Furthermore, to effectively intervene to improve the health of another, we need to understand how the particular health issue is impacting on the functional capacity of that individual. Two of my patients illustrated this point. The first was an elite level cyclist who had fallen off her bicycle a week prior, suffering a deep and long soft tissue laceration just below the knee, requiring extensive suturing and leaving a very impressive wound. The second athlete was a para-canoe athlete with a T6 level spinal lesion with painful blisters on both thumbs. The blisters had been caused by canoeing but were severe enough to now be causing difficulty with wheelchair mobility. At first glance, the blisters might have seemed relatively trivial compared to the cyclist’s leg wound.

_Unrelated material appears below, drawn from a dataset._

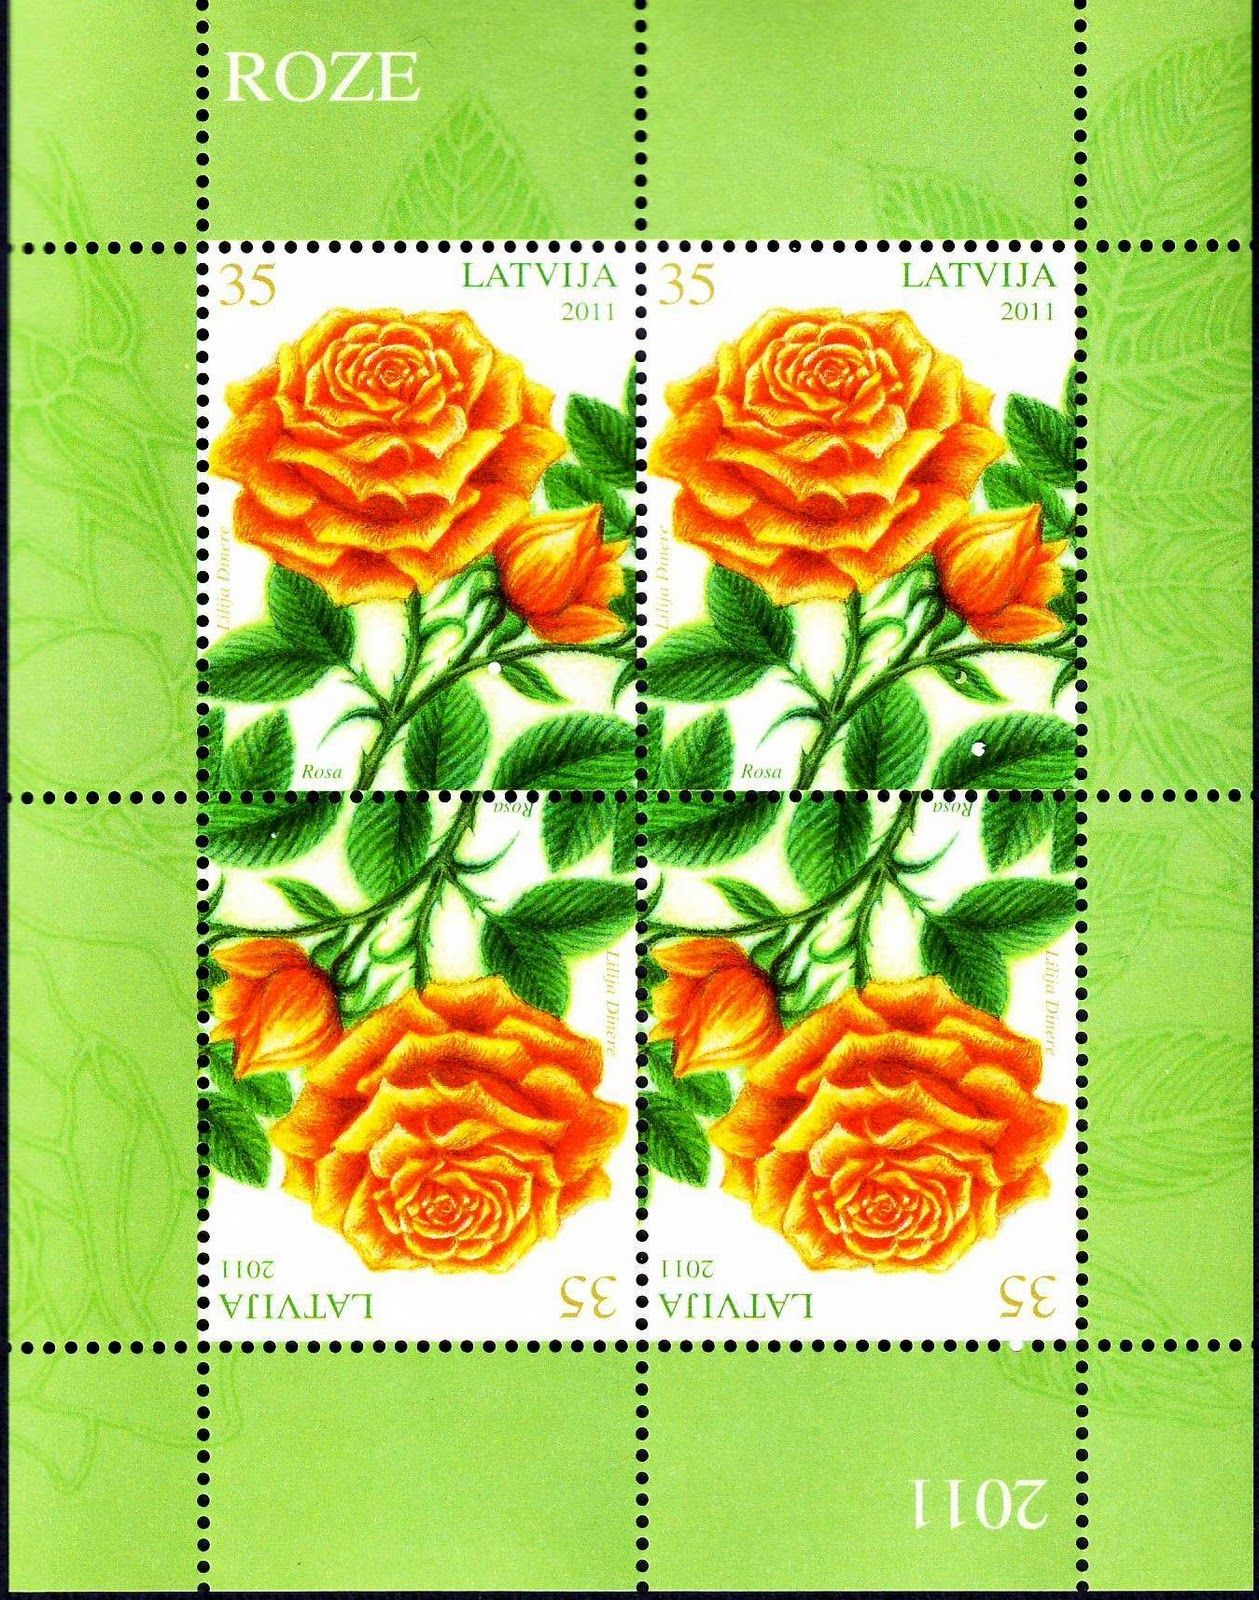 Latvia Stamps - Flowers

In terms of the potential threat to functional capacity; however, the blisters were a far more significant injury.
The concept of ‘health’ is multidimensional
In this ACSP issue, Jennifer Baldwin and colleagues (see page 1225 and 1226) discuss the concept of defining ‘health’. What may be a significant health issue to one individual may be quite insignificant to another. The concept of ‘health’ is relative and determined by a range of factors, including specific character traits, sociocultural factors and particular physical factors, which all have the potential to challenge the individual. Our understanding of ‘health’ must take into account the human experience. Baldwin and …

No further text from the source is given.